Soderlund attends the Malibu Public Safety meetings and gives statistics on local crime. The stats have improved under his watch. 

“Year over year from 2023 compared to 2022, crime is down 1.7 percent overall in Malibu,” he said. “There was a significant reduction in grand thefts and petty thefts.”

“We’re rolling out our Real Time Disaster and Crime Center,” Soderlund reminded. The LASD initiative is a registry system where businesses and private residences can enroll their cameras into a system. If a crime occurs, LASD can pull up a map that indicates what cameras are registered in the area. Then through the registry messages are sent asking camera owners to check their feeds and upload suspicious footage. Those wishing to register their cameras can go to There is no cost and sharing does not mean the department will have access to your cameras.

“I think that the cooperation between the city, Sheriff’s Department and everybody involved in public agencies are working very effectively,” Soderlund stated. “I know sometimes there’s a lot of bureaucracy and red tape, but our captain, Jennifer Seetoo, she is an innovator who thinks outside the box. She is a real go-getter on trying to effect change as soon as possible. I’m following her lead. She is very determined and I think it shows in the collaboration between everybody. We are effecting change and so the credit has to go to everybody involved because without everybody’s participation and collaboration none of this could be possible. So, I’d like to thank everybody involved.”
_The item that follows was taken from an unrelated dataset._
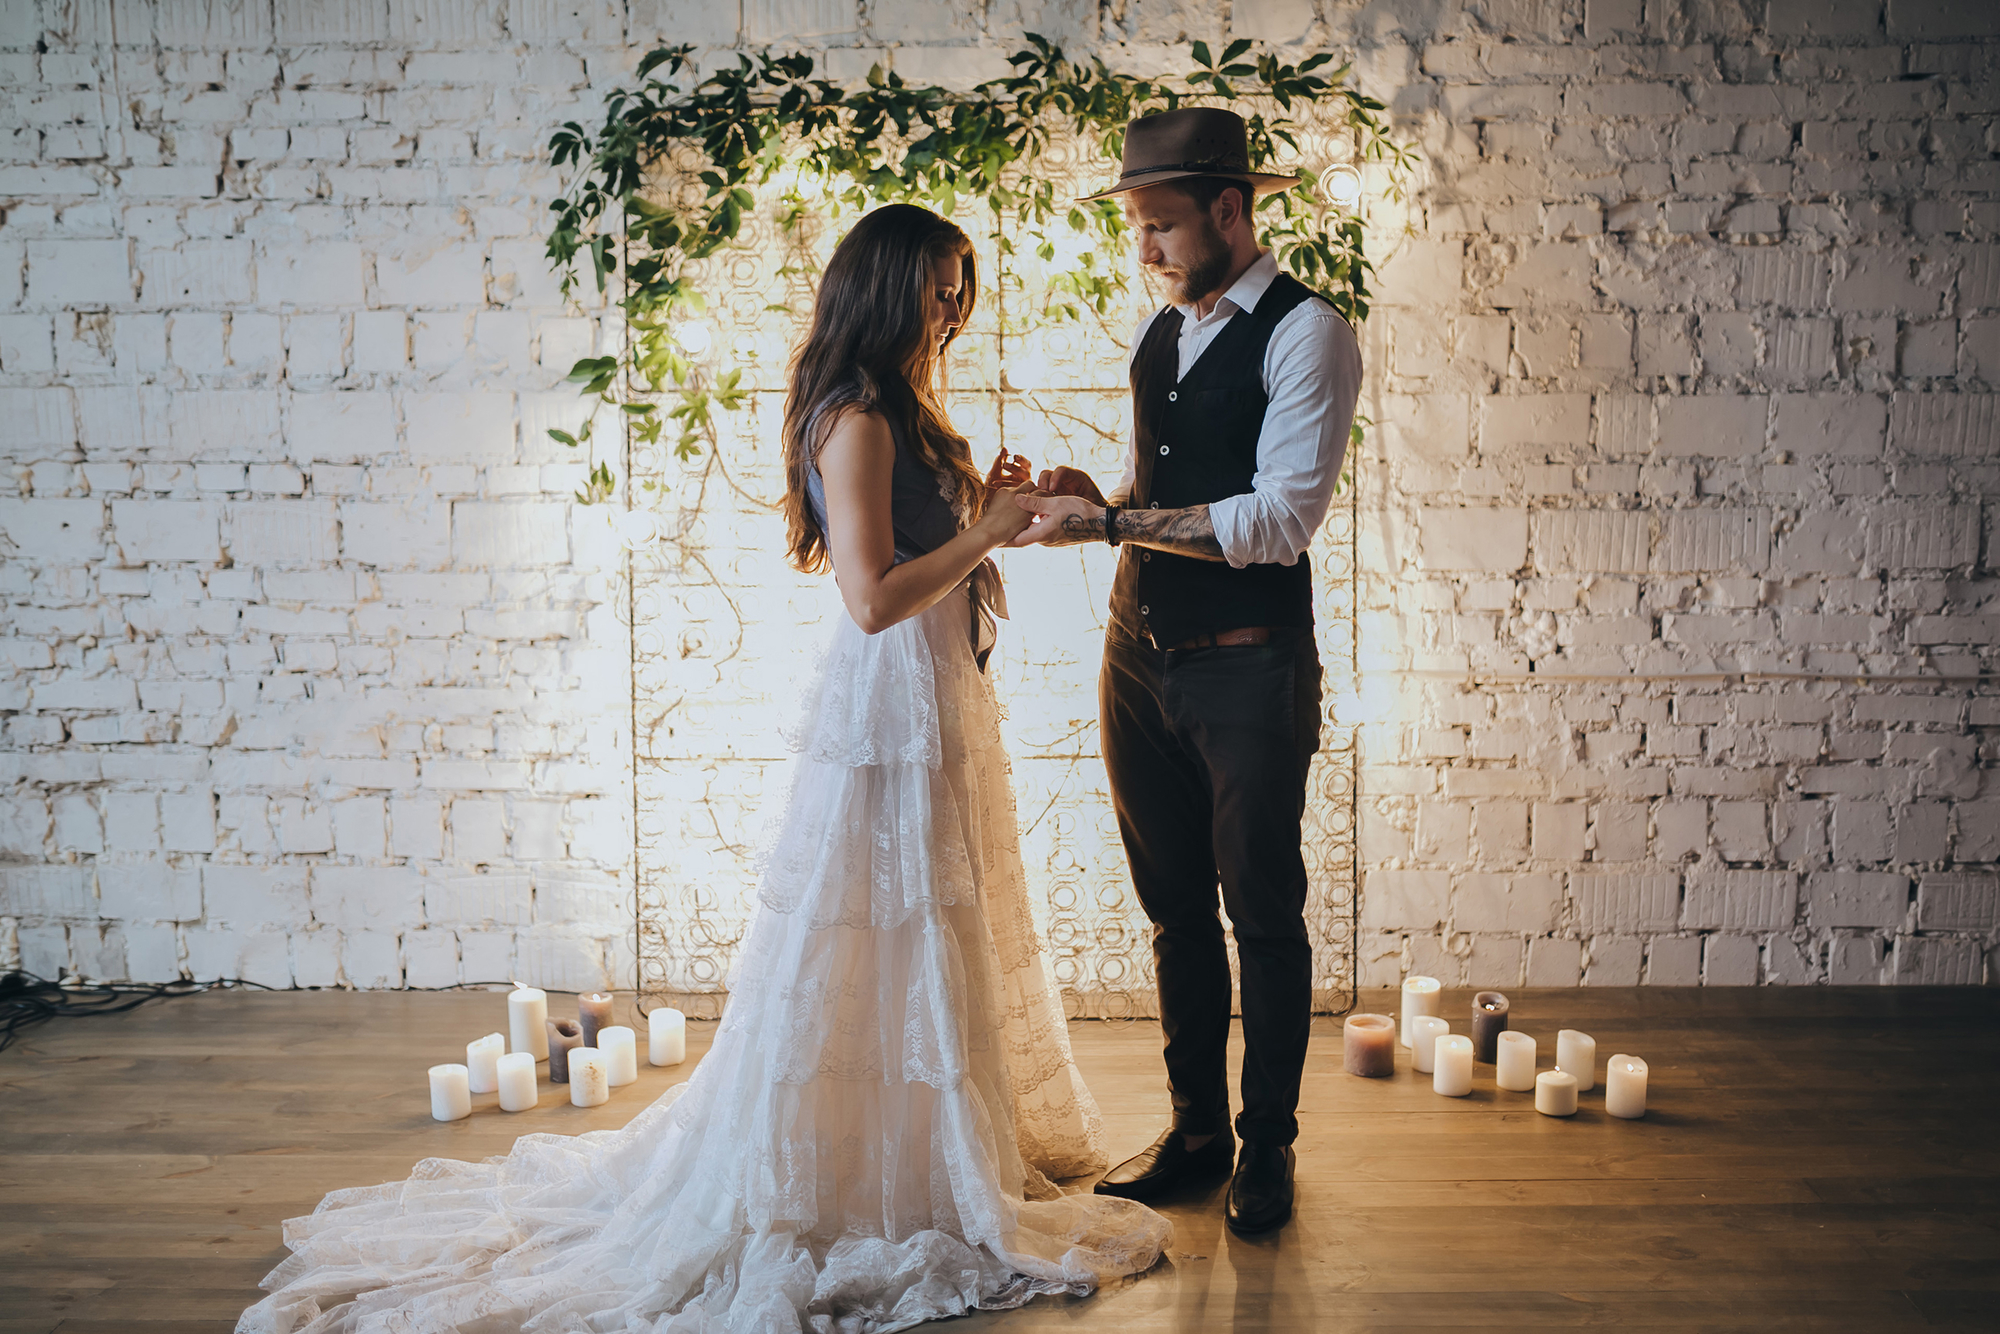 Свадьба-2018 в стиле лофт

And the Malibu liaison would encourage more people to get involved by becoming an LA County Sheriff’s deputy. The LASD Malibu substation, located at the Santa Monica College Malibu campus, is still not open due to staffing shortages. 

“We are actively hiring. If anyone wants to apply they can go online to,” Soderlund said. “Tell your family, tell your friends. It’s a great job. Great benefits, great pay and we need everybody we can.”